** Problem description **
The result should be the listing below, restated exactly, with its pictures left out.

== Raw data

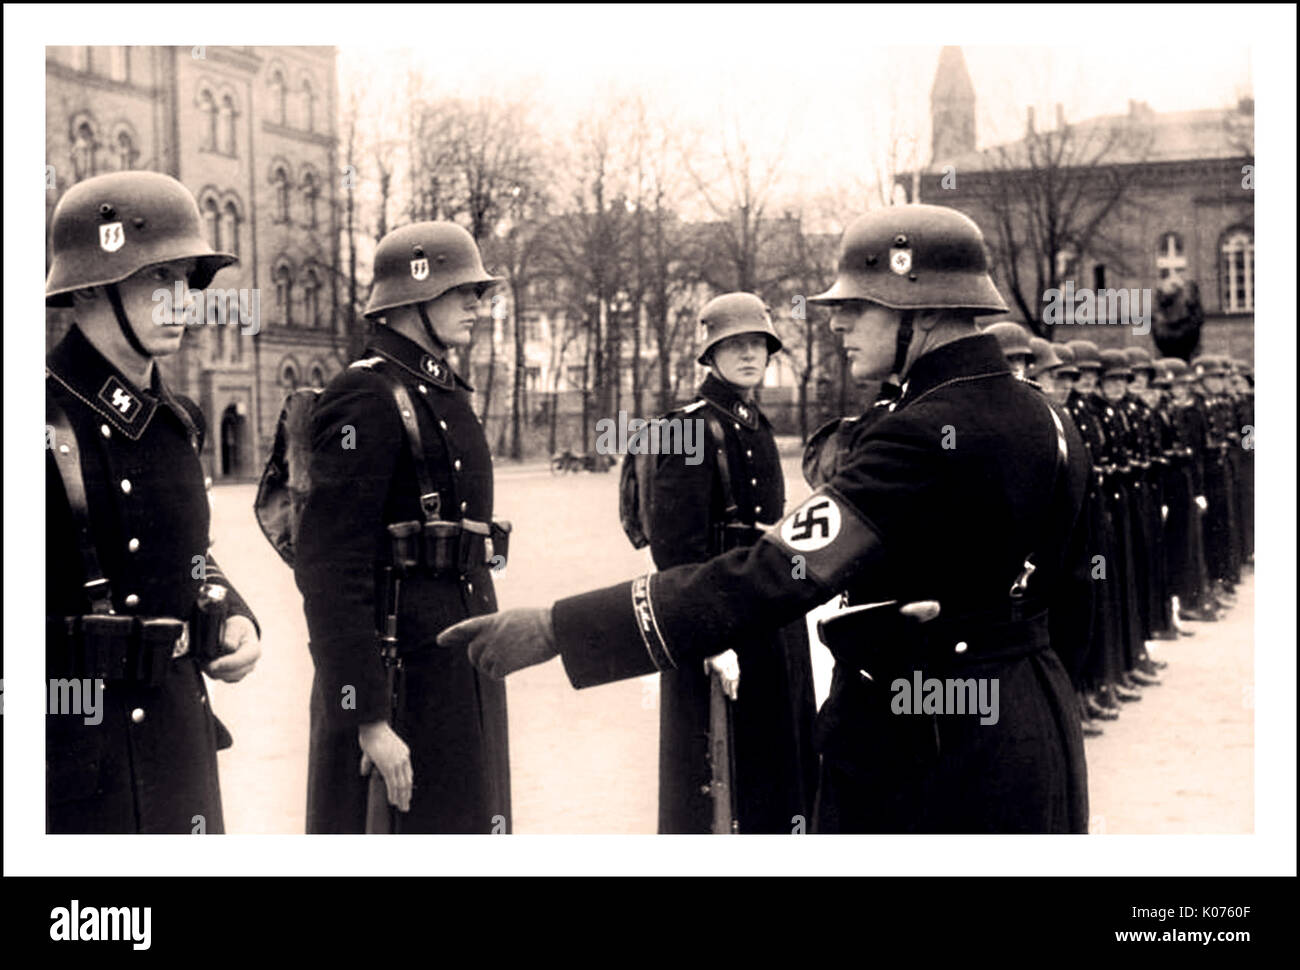 LEIBSTANDARTE PARADE Vintage pre-WW2 Schwarz/Weiß Foto der Männer der Leibstandarte "Adolf Hitler" Waffen-SS-Truppen an der Lichterfelde Kaserne in Berlin, Deutschland, 22. November 1938. Stockfoto
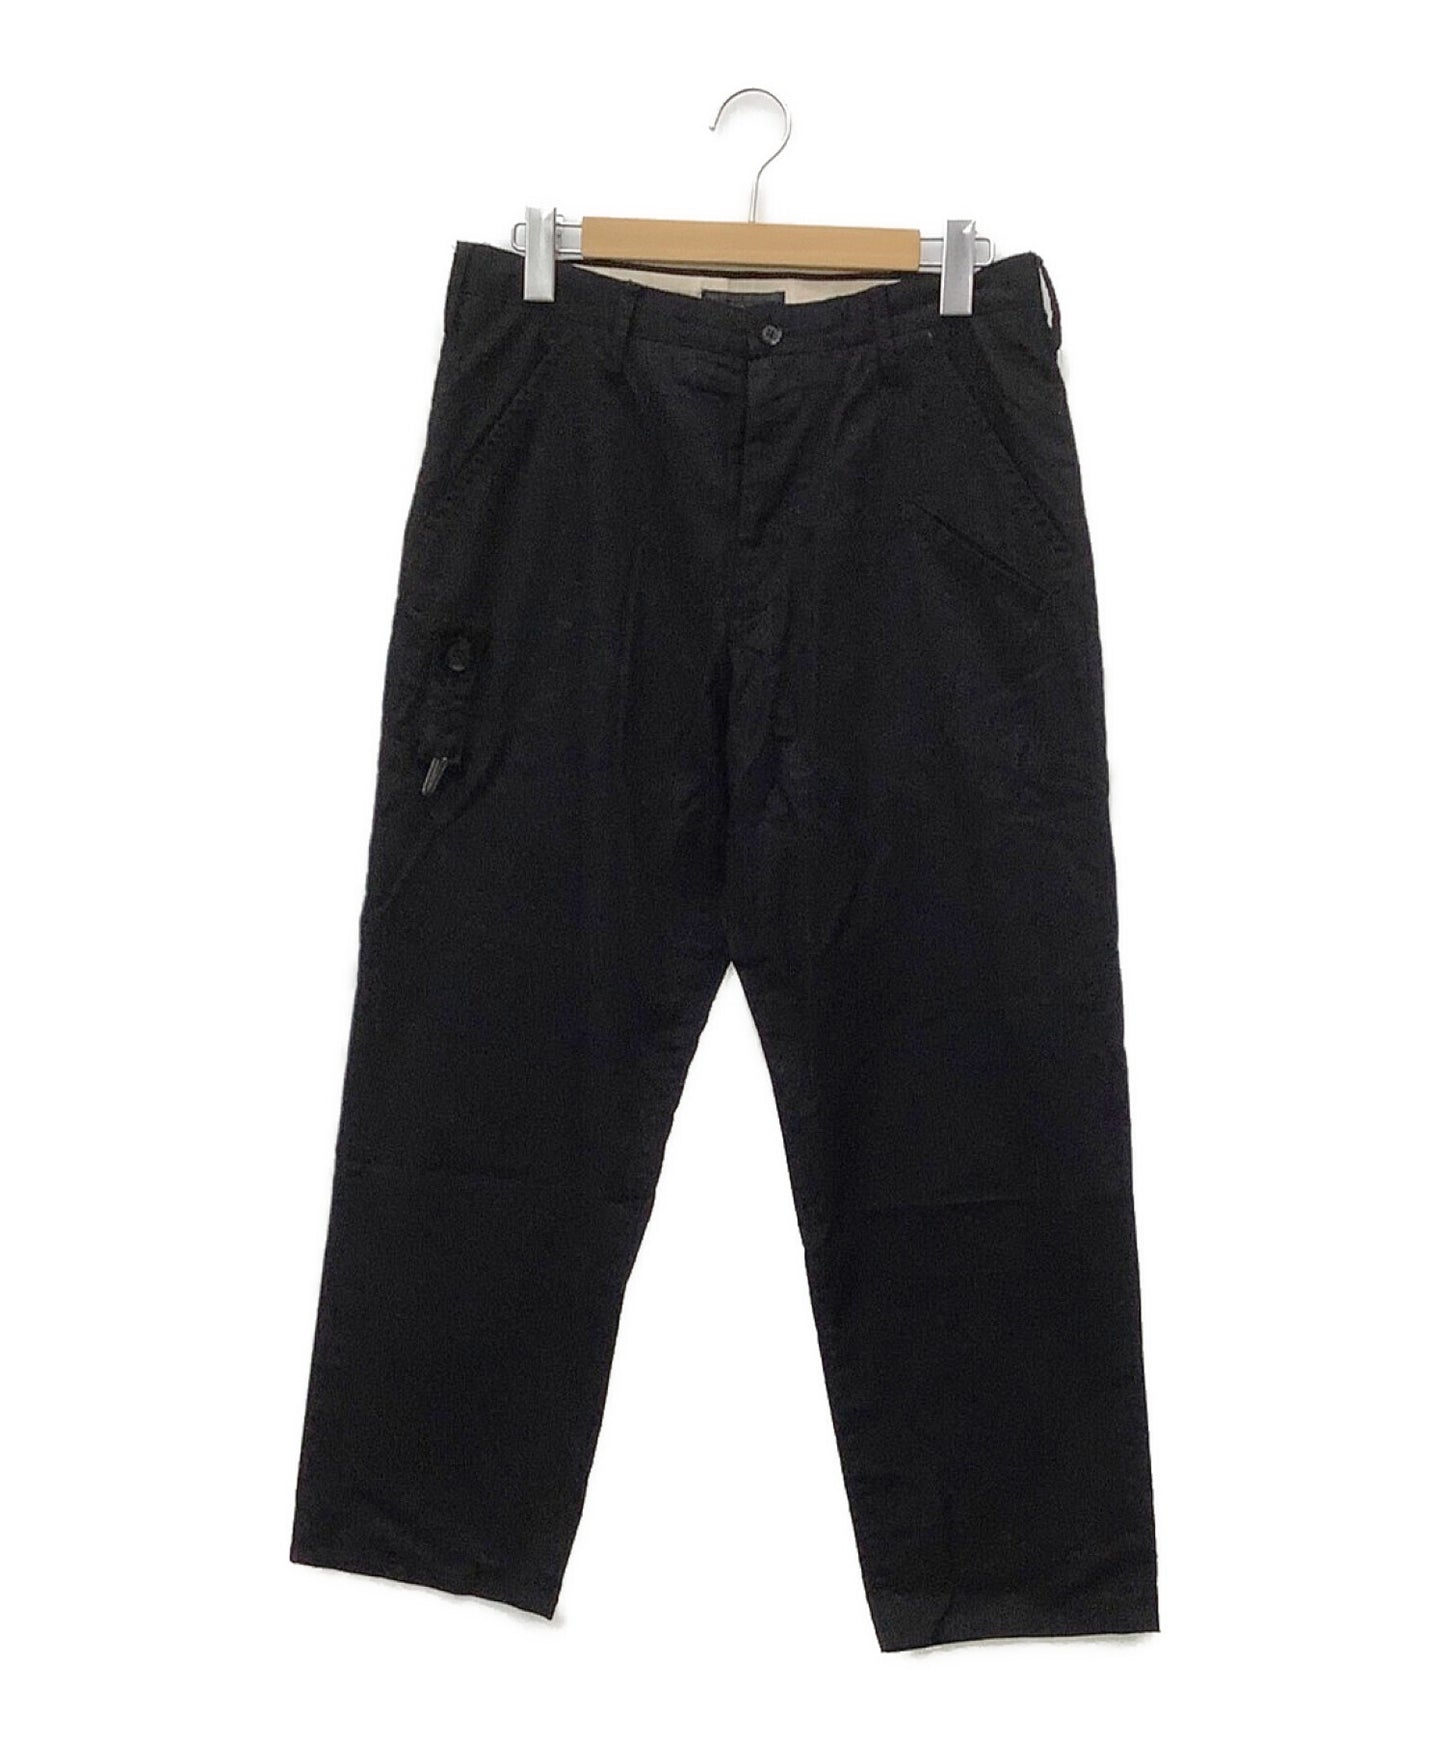 Yohji Yamamoto裤子HG-P55-040
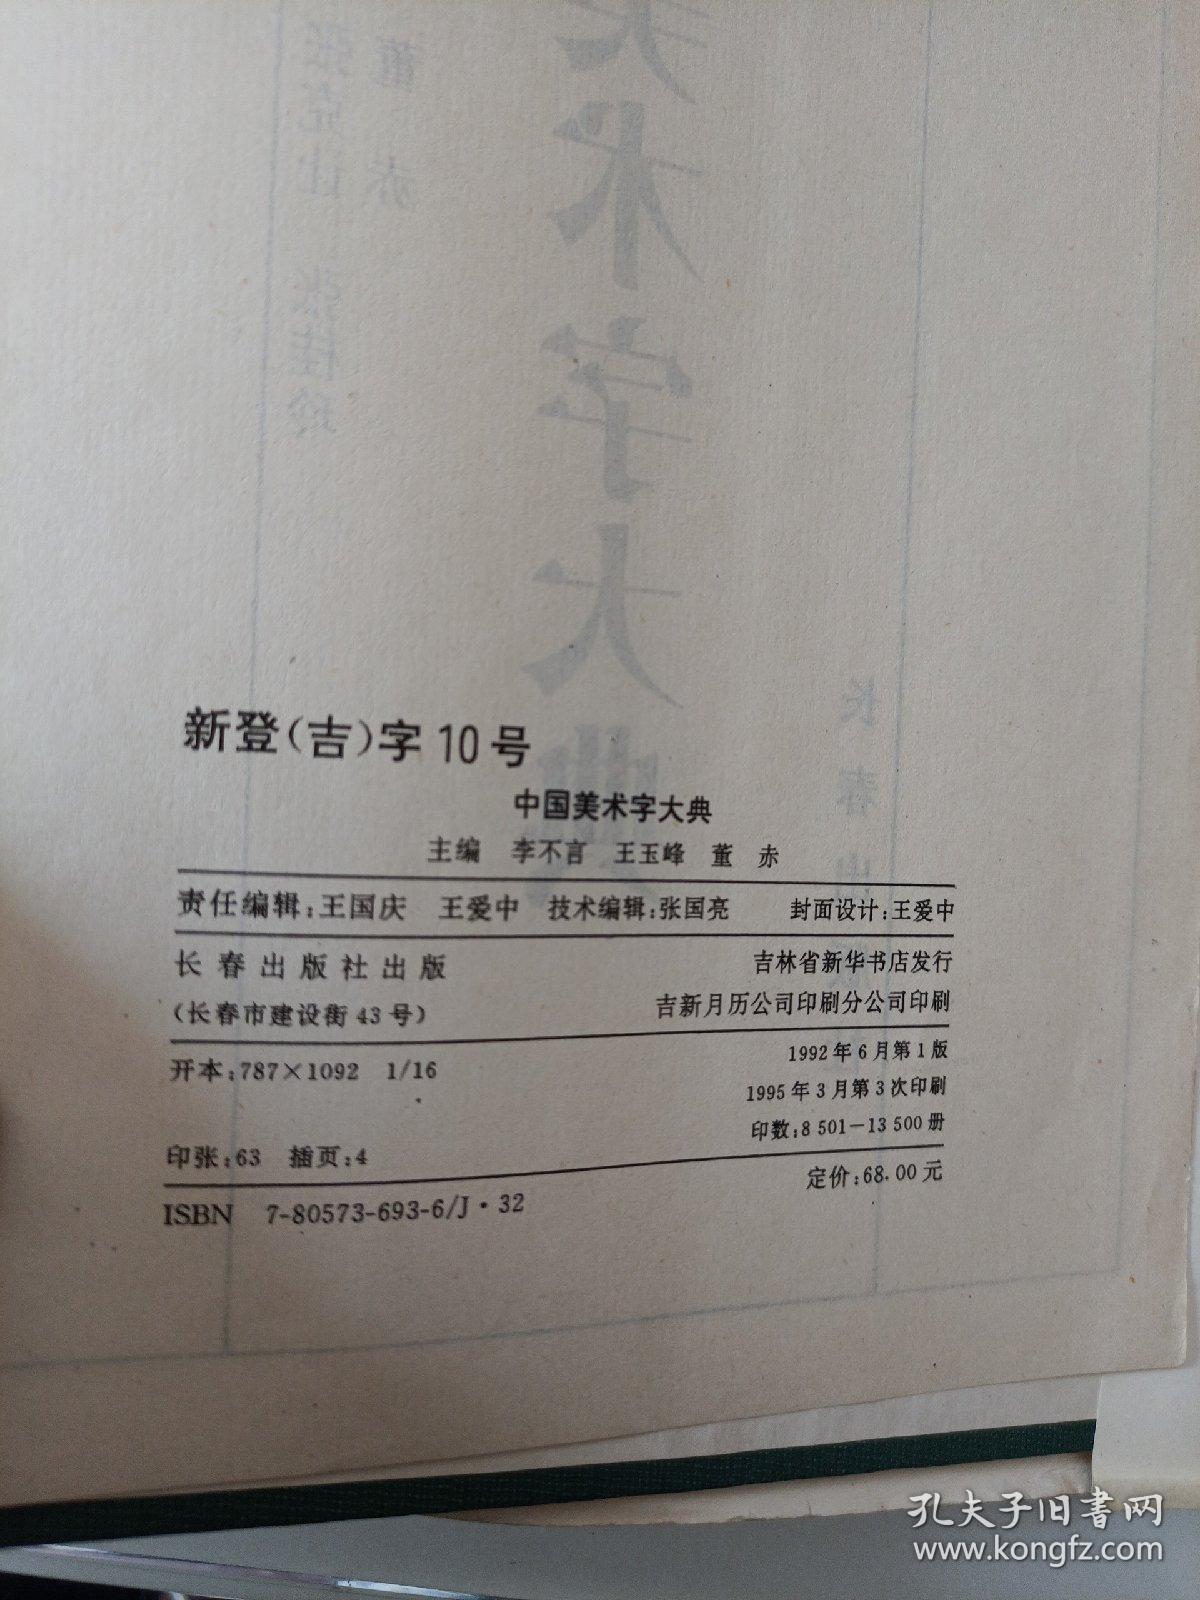 中国美术字大典

====

** Solution **
 LEIBSTANDARTE PARADE Vintage pre-WW2 Schwarz/Weiß Foto der Männer der Leibstandarte "Adolf Hitler" Waffen-SS-Truppen an der Lichterfelde Kaserne in Berlin, Deutschland, 22. November 1938. Stockfoto
 Yohji Yamamoto裤子HG-P55-040
 中国美术字大典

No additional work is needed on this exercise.